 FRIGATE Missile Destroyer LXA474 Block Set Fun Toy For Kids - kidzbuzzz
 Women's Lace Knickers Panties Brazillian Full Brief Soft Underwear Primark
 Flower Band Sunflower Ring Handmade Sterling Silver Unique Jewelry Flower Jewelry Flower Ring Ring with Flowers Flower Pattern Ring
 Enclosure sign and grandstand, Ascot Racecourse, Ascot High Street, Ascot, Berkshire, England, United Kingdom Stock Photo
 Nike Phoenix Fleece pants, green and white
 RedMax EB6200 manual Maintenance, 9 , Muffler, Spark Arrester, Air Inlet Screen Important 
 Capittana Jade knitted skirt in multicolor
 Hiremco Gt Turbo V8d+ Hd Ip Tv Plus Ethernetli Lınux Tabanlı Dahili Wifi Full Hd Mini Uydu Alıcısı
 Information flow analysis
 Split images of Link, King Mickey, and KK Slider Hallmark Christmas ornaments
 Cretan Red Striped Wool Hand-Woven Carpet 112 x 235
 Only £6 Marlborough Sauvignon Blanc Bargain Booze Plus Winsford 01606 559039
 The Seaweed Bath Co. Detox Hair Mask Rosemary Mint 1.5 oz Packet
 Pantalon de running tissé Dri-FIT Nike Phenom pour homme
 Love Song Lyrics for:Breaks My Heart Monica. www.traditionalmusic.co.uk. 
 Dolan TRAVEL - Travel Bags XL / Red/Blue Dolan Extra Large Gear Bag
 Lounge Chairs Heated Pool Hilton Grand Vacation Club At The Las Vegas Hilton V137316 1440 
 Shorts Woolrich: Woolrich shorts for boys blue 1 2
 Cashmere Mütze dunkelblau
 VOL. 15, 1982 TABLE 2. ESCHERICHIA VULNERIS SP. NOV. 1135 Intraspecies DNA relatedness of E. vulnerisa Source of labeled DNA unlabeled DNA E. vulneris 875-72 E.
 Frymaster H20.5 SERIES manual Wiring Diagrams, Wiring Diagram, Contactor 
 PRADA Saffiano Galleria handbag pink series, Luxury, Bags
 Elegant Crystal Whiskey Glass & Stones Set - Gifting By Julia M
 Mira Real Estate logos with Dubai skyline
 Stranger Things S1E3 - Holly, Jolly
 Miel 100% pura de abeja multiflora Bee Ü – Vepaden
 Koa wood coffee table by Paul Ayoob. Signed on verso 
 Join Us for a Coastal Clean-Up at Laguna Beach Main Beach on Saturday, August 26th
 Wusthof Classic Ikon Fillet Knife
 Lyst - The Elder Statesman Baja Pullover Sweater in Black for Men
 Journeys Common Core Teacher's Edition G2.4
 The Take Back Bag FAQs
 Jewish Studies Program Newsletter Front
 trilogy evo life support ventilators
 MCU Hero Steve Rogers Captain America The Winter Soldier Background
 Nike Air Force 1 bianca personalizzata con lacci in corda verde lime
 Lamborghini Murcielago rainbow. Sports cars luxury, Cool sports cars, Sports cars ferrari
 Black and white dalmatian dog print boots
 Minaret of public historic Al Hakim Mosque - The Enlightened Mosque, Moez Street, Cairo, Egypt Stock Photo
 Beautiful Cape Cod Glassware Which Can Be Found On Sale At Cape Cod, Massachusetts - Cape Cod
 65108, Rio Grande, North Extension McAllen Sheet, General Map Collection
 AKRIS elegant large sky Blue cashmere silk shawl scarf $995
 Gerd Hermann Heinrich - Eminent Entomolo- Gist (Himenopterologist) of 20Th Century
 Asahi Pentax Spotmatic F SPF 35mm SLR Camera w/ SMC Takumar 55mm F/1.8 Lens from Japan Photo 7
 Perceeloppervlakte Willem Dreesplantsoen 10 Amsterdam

● ● ●

▶ _WORK INSTRUCTION_: Copy every line of the records word for word.

▶ _TASK SOLUTION_:
 FRIGATE Missile Destroyer LXA474 Block Set Fun Toy For Kids - kidzbuzzz
 Women's Lace Knickers Panties Brazillian Full Brief Soft Underwear Primark
 Flower Band Sunflower Ring Handmade Sterling Silver Unique Jewelry Flower Jewelry Flower Ring Ring with Flowers Flower Pattern Ring
 Enclosure sign and grandstand, Ascot Racecourse, Ascot High Street, Ascot, Berkshire, England, United Kingdom Stock Photo
 Nike Phoenix Fleece pants, green and white
 RedMax EB6200 manual Maintenance, 9 , Muffler, Spark Arrester, Air Inlet Screen Important 
 Capittana Jade knitted skirt in multicolor
 Hiremco Gt Turbo V8d+ Hd Ip Tv Plus Ethernetli Lınux Tabanlı Dahili Wifi Full Hd Mini Uydu Alıcısı
 Information flow analysis
 Split images of Link, King Mickey, and KK Slider Hallmark Christmas ornaments
 Cretan Red Striped Wool Hand-Woven Carpet 112 x 235
 Only £6 Marlborough Sauvignon Blanc Bargain Booze Plus Winsford 01606 559039
 The Seaweed Bath Co. Detox Hair Mask Rosemary Mint 1.5 oz Packet
 Pantalon de running tissé Dri-FIT Nike Phenom pour homme
 Love Song Lyrics for:Breaks My Heart Monica. www.traditionalmusic.co.uk. 
 Dolan TRAVEL - Travel Bags XL / Red/Blue Dolan Extra Large Gear Bag
 Lounge Chairs Heated Pool Hilton Grand Vacation Club At The Las Vegas Hilton V137316 1440 
 Shorts Woolrich: Woolrich shorts for boys blue 1 2
 Cashmere Mütze dunkelblau
 VOL. 15, 1982 TABLE 2. ESCHERICHIA VULNERIS SP. NOV. 1135 Intraspecies DNA relatedness of E. vulnerisa Source of labeled DNA unlabeled DNA E. vulneris 875-72 E.
 Frymaster H20.5 SERIES manual Wiring Diagrams, Wiring Diagram, Contactor 
 PRADA Saffiano Galleria handbag pink series, Luxury, Bags
 Elegant Crystal Whiskey Glass & Stones Set - Gifting By Julia M
 Mira Real Estate logos with Dubai skyline
 Stranger Things S1E3 - Holly, Jolly
 Miel 100% pura de abeja multiflora Bee Ü – Vepaden
 Koa wood coffee table by Paul Ayoob. Signed on verso 
 Join Us for a Coastal Clean-Up at Laguna Beach Main Beach on Saturday, August 26th
 Wusthof Classic Ikon Fillet Knife
 Lyst - The Elder Statesman Baja Pullover Sweater in Black for Men
 Journeys Common Core Teacher's Edition G2.4
 The Take Back Bag FAQs
 Jewish Studies Program Newsletter Front
 trilogy evo life support ventilators
 MCU Hero Steve Rogers Captain America The Winter Soldier Background
 Nike Air Force 1 bianca personalizzata con lacci in corda verde lime
 Lamborghini Murcielago rainbow. Sports cars luxury, Cool sports cars, Sports cars ferrari
 Black and white dalmatian dog print boots
 Minaret of public historic Al Hakim Mosque - The Enlightened Mosque, Moez Street, Cairo, Egypt Stock Photo
 Beautiful Cape Cod Glassware Which Can Be Found On Sale At Cape Cod, Massachusetts - Cape Cod
 65108, Rio Grande, North Extension McAllen Sheet, General Map Collection
 AKRIS elegant large sky Blue cashmere silk shawl scarf $995
 Gerd Hermann Heinrich - Eminent Entomolo- Gist (Himenopterologist) of 20Th Century
 Asahi Pentax Spotmatic F SPF 35mm SLR Camera w/ SMC Takumar 55mm F/1.8 Lens from Japan Photo 7
 Perceeloppervlakte Willem Dreesplantsoen 10 Amsterdam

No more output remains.